Facebook Pixel Join us for AUD's Spring 2024 Open House on Thursday, April 11 Opens a new window
A photo of an exhibition
News Faculty

Hitoshi Abe and xLAB bring "Designing with Disaster" exhibition to Japan House Los Angeles

Jan 23, 2023

How can cities best manage risk and become more resilient in the face of climate change-fueled natural disasters? That question is at the heart of the global ArcDR3 research partnership, coordinated by UCLA Department of Architecture and Urban Design Professor Hitoshi Abe and the research team at xLAB. Now, ArcDR3 and xLAB have distilled three years of research and design into the publication FireCity FireLand: Towards a Regenerative Urbanism, and Abe has curated the exhibition Designing with Disaster: Stories from Seven Regenerative Cities, on view at Japan House Los Angeles from January 27 through April 4, 2023. The book and exhibition present the new paradigm of "regenerative urbanism": anticipatory urban design that prepares for inevitable disasters and creates climate-resilient environments—speculating upon new visions for cities affected by or anticipating these threats.

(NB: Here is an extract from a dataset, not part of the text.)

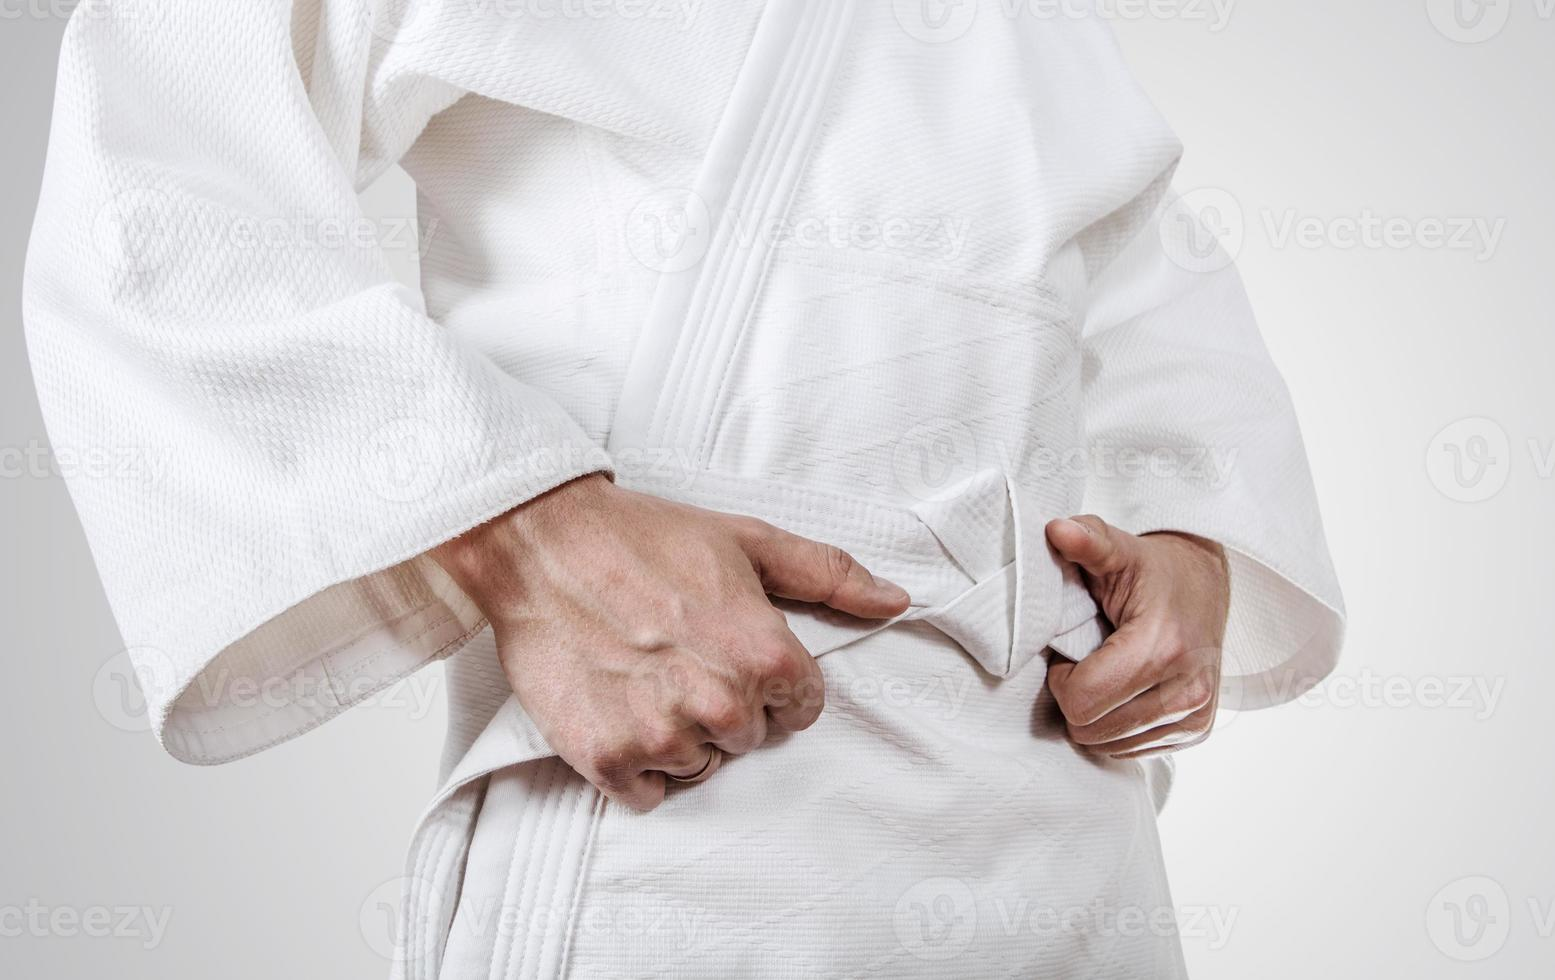 knyta upp kimonobältets närbild foto
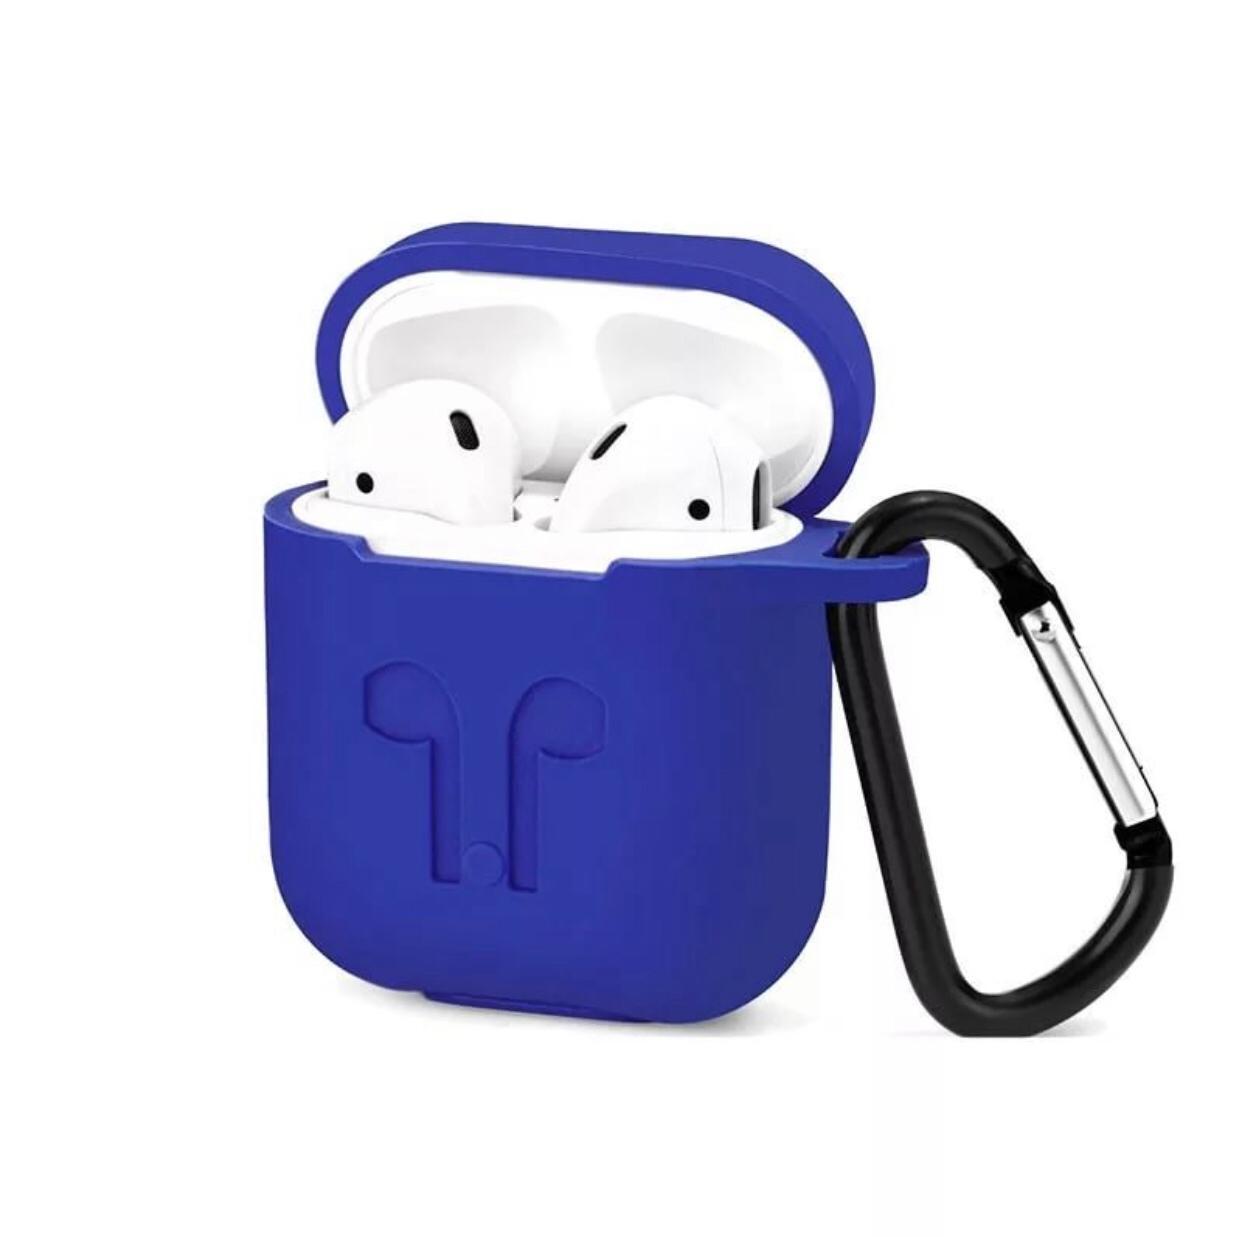 Чехол для наушников Markclub@Hoco Apple AirPods, синий

A global collaboration, ArcDR3 (Architecture and Urban Design for Disaster Risk Reduction and Resilience) aims to integrate theory, research, practice, and design, elevated by insight and case studies from around the world. FireCity FireLand and related exhibitions and symposia demonstrate the research and collaboration accomplished thus far by ArcDR3’s partners: IRIDeS at Tohoku University; Miraikan, the National Museum of Emerging Science and Innovation in Japan; and eleven universities across the Pacific Rim.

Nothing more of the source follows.